# [EXERCISE DATA]
▬▬▬▬▬▬
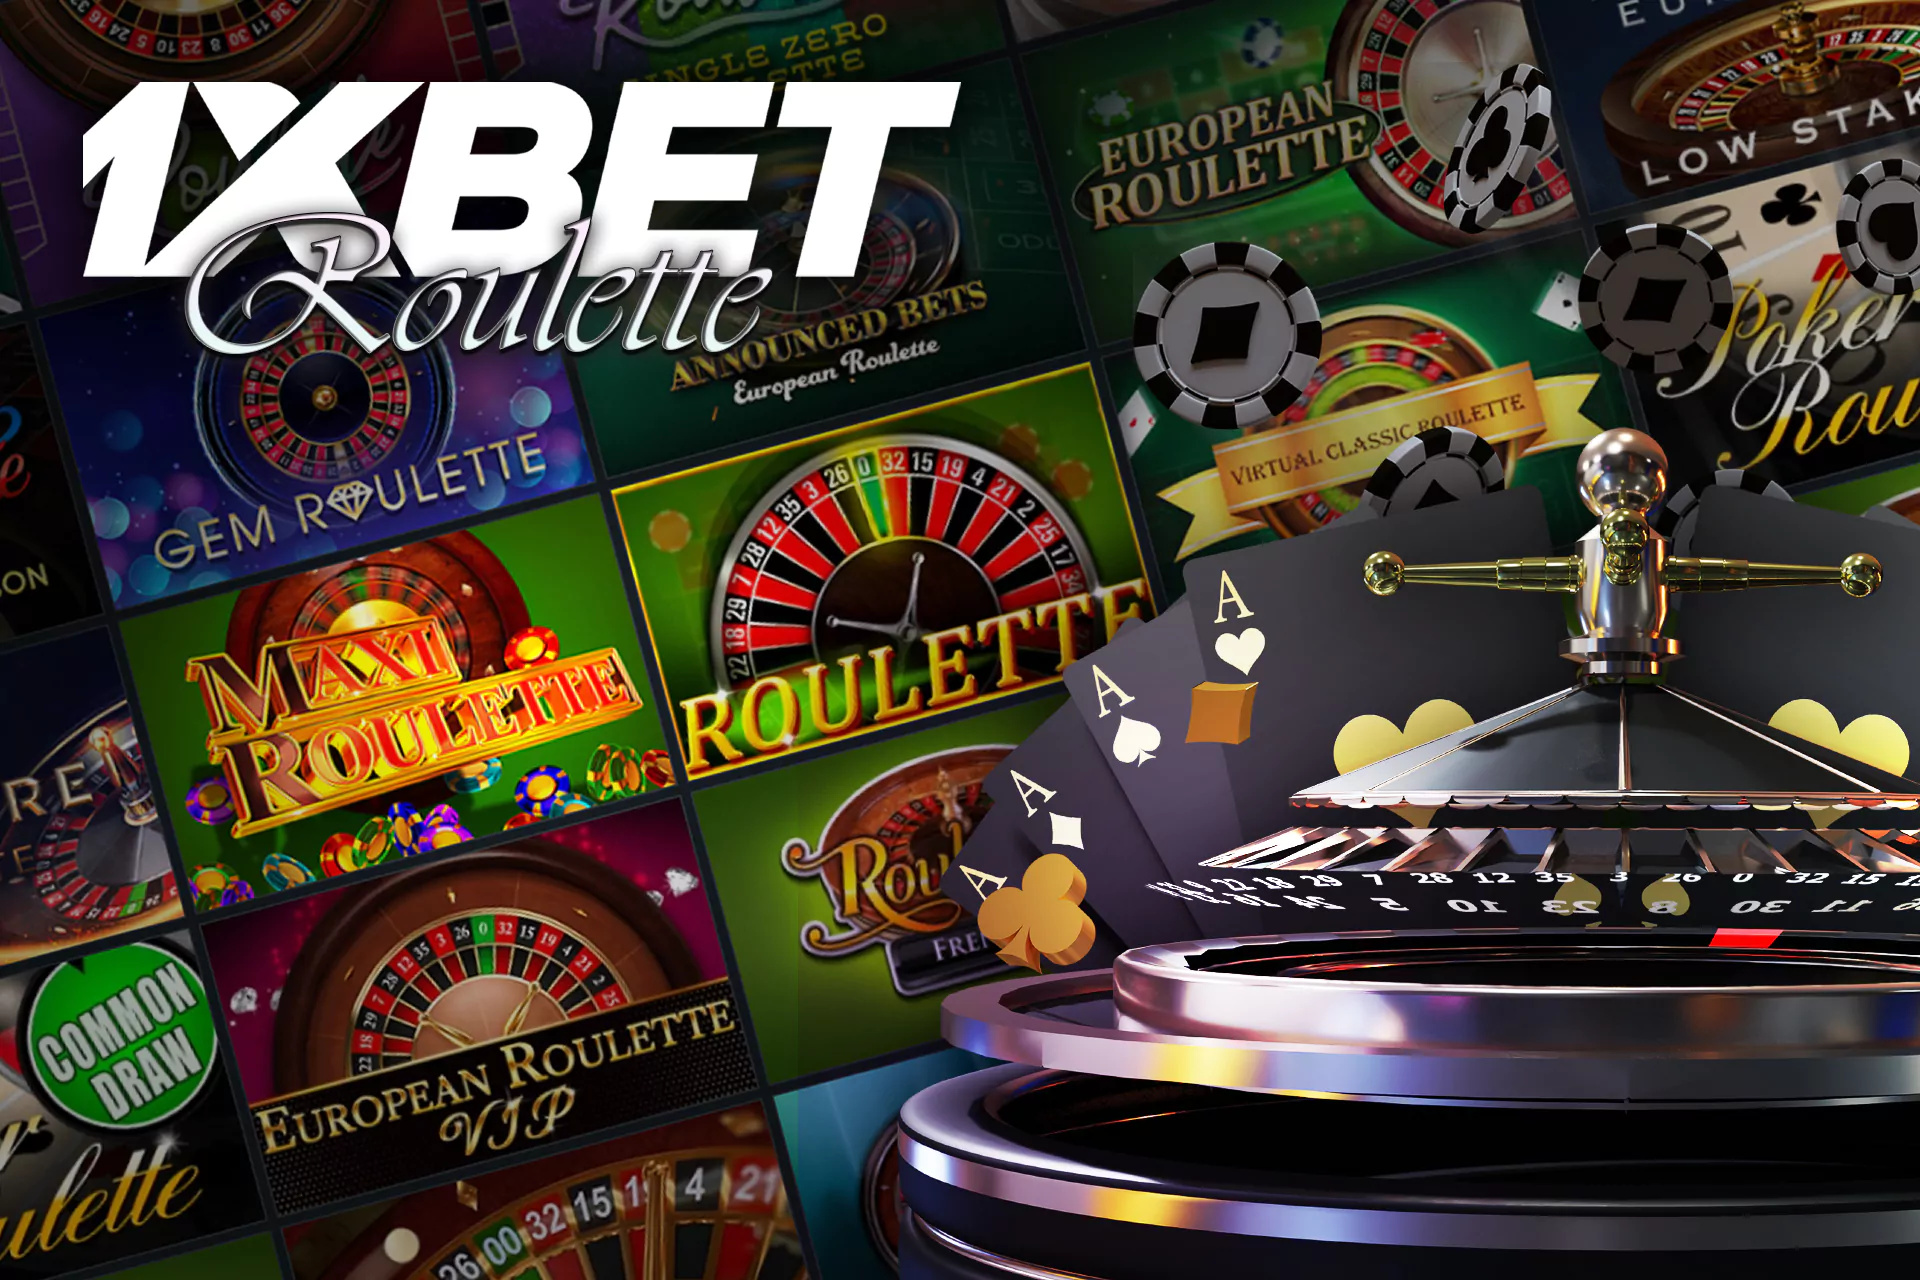 If you like playing classic roulette, you must try an online one at 1xBet.
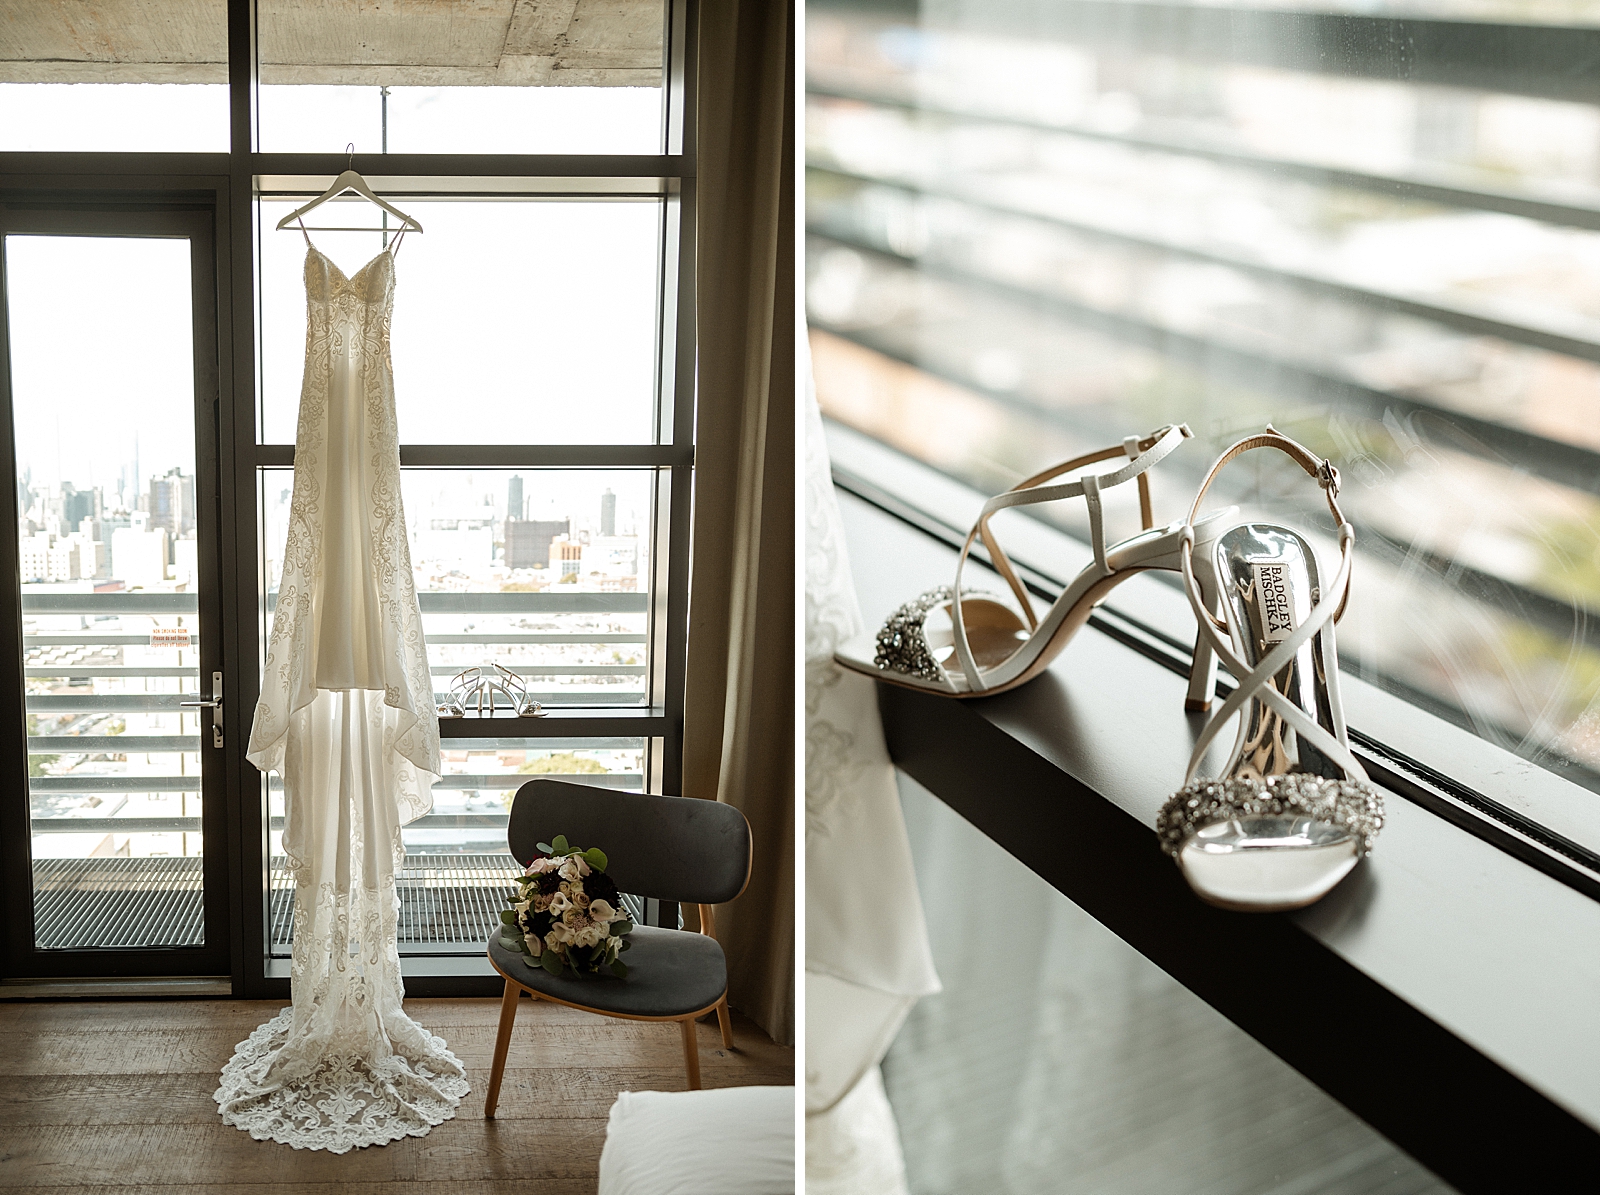 Detail shot of wedding dress hanging by window and wedding shoes
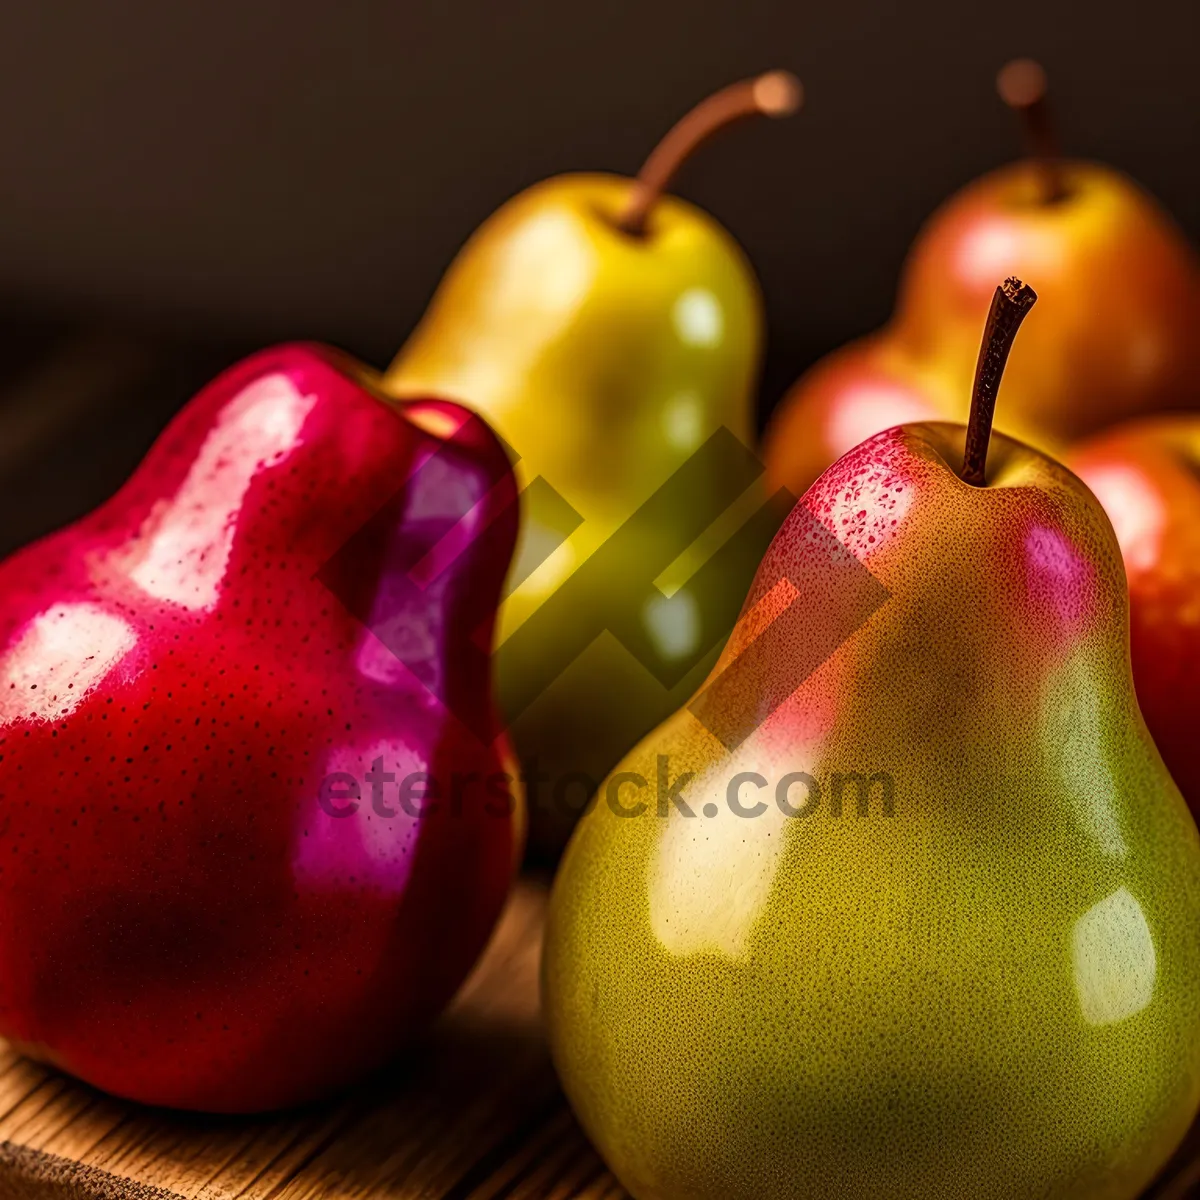 Picture of Ripe pear and apple - fresh and healthy!
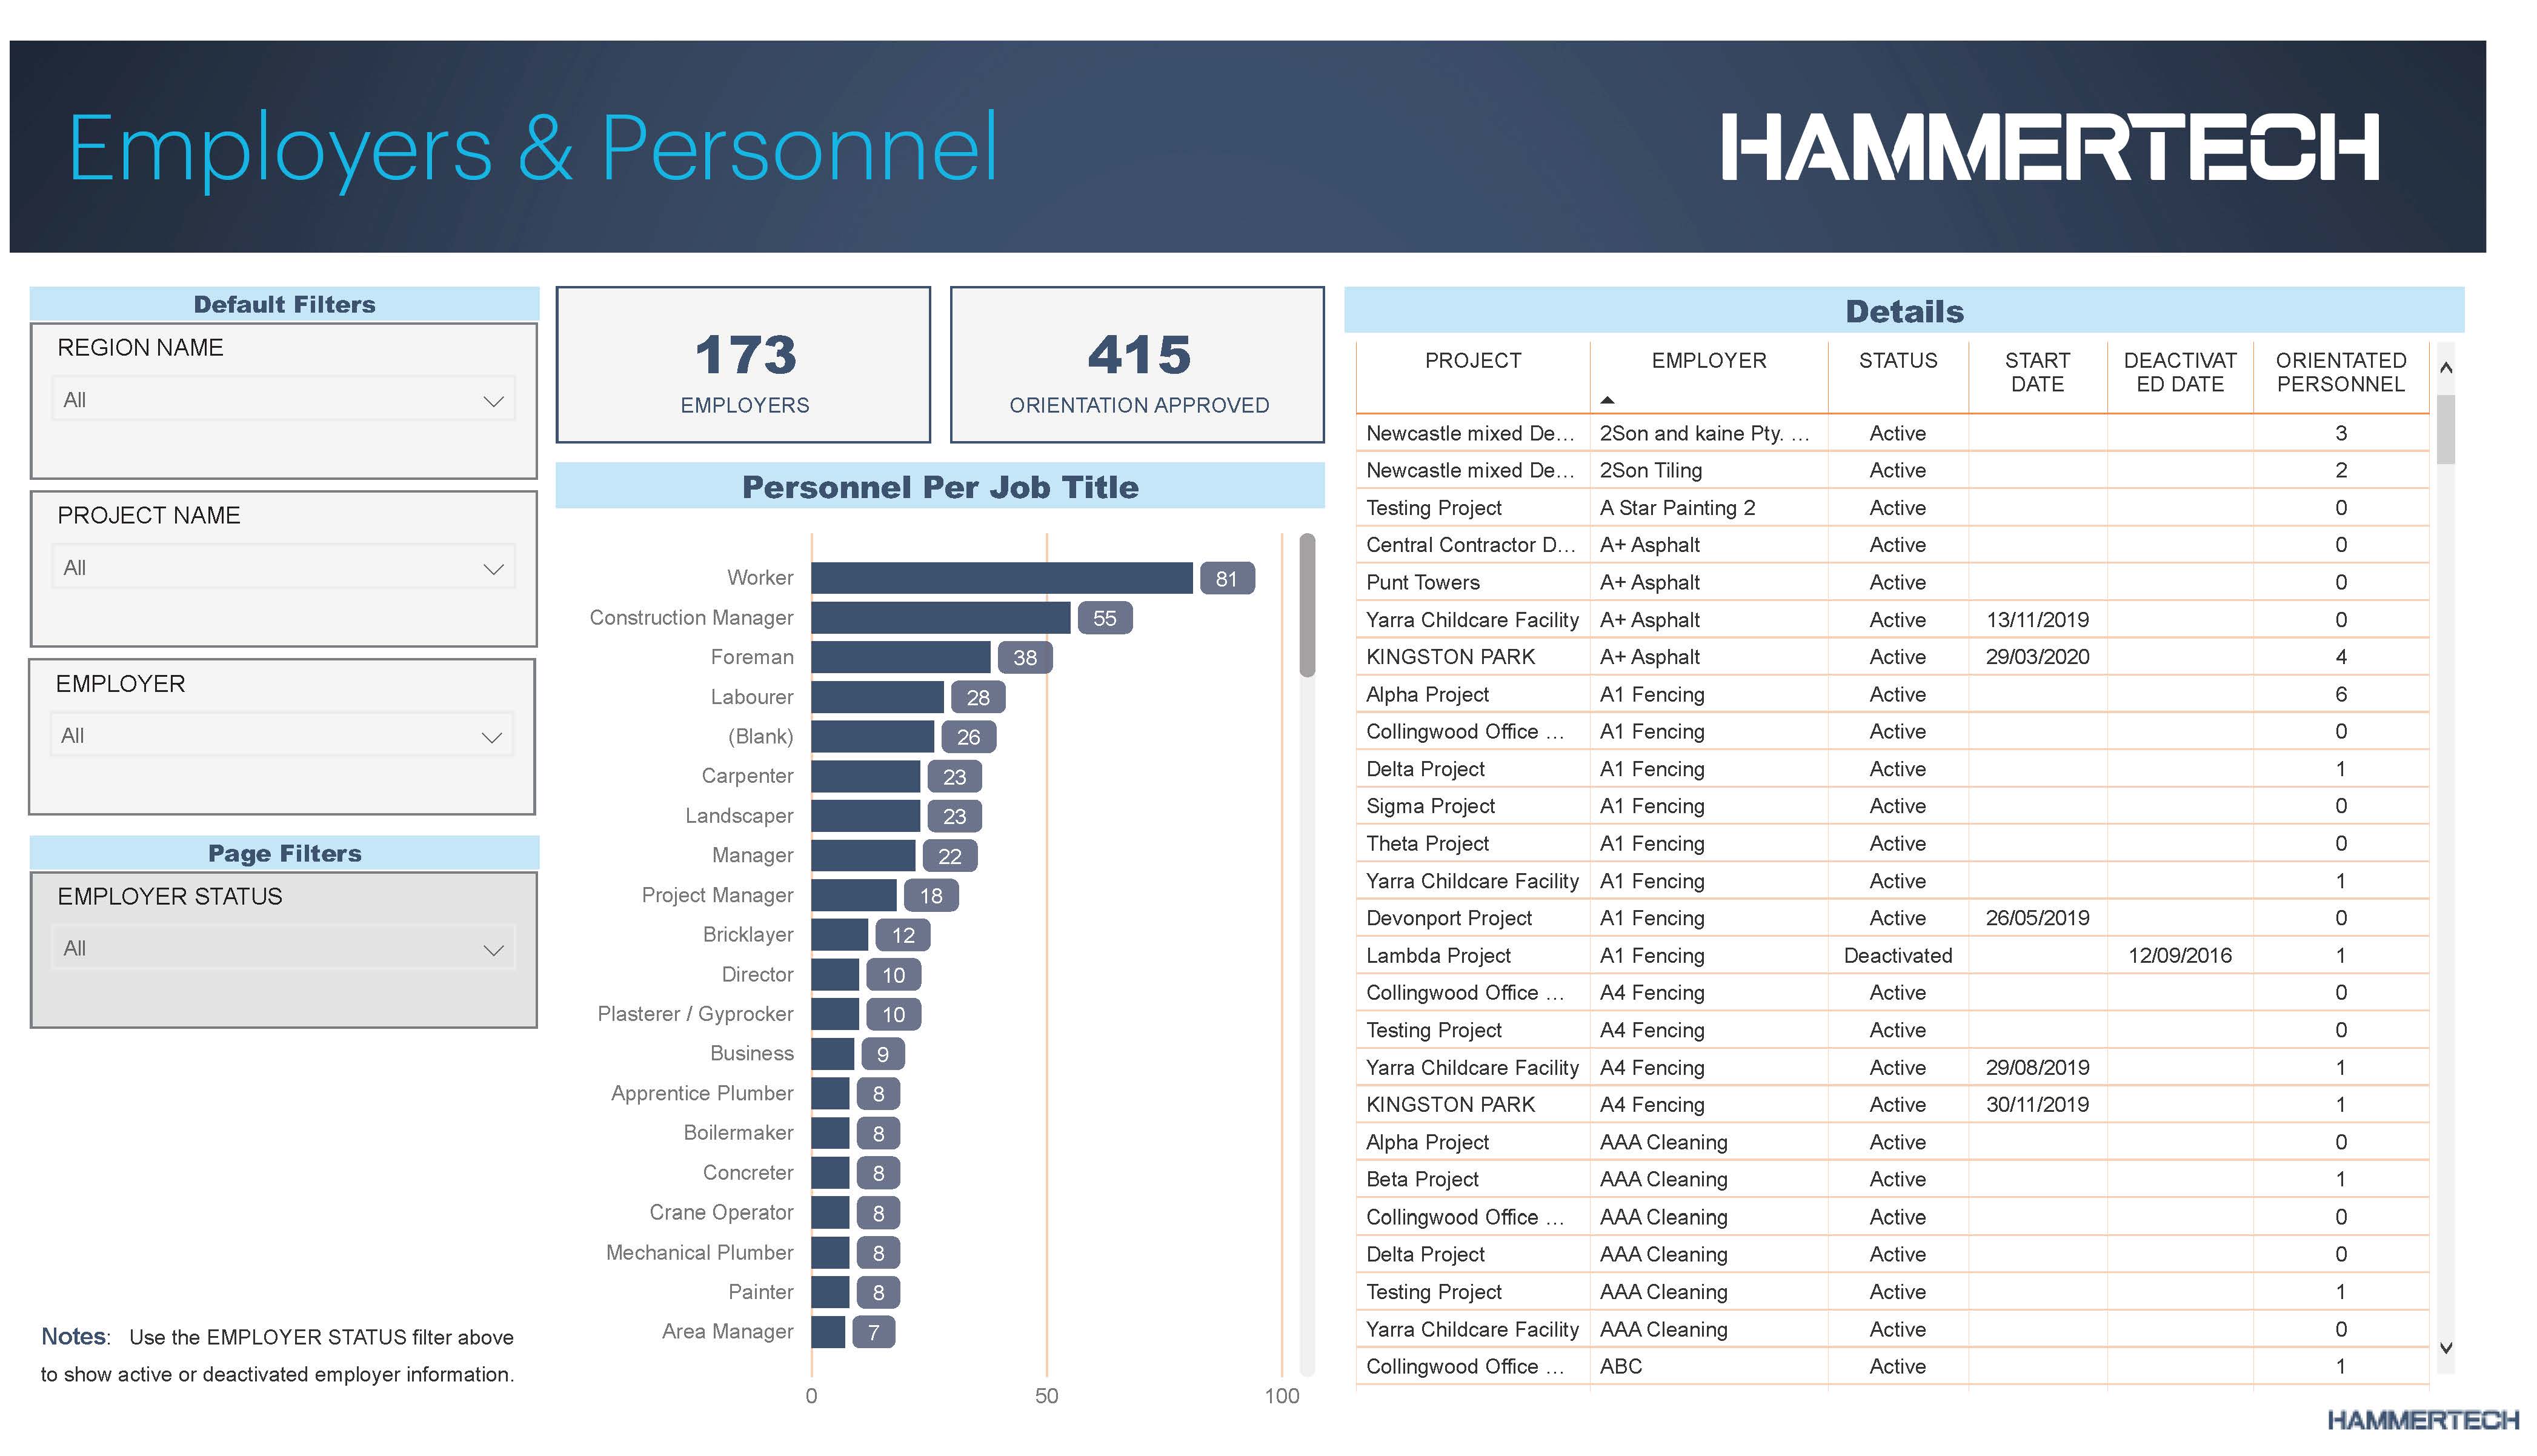 Construction workforce analytics: HammerTech's Power BI dashboard displaying customizable data visualizations of personnel per job title and employer - an innovative solution for tracking workforce performance, safety, and compliance in construction projects.
▬▬▬▬▬▬
# [WHAT IS BEING ASKED]
Copy word for word each line of the data above, from the first through the one containing "Picture of Ripe", and include no pictures.

# [ANSWER BELOW]
 If you like playing classic roulette, you must try an online one at 1xBet.
 Detail shot of wedding dress hanging by window and wedding shoes
 Picture of Ripe pear and apple - fresh and healthy!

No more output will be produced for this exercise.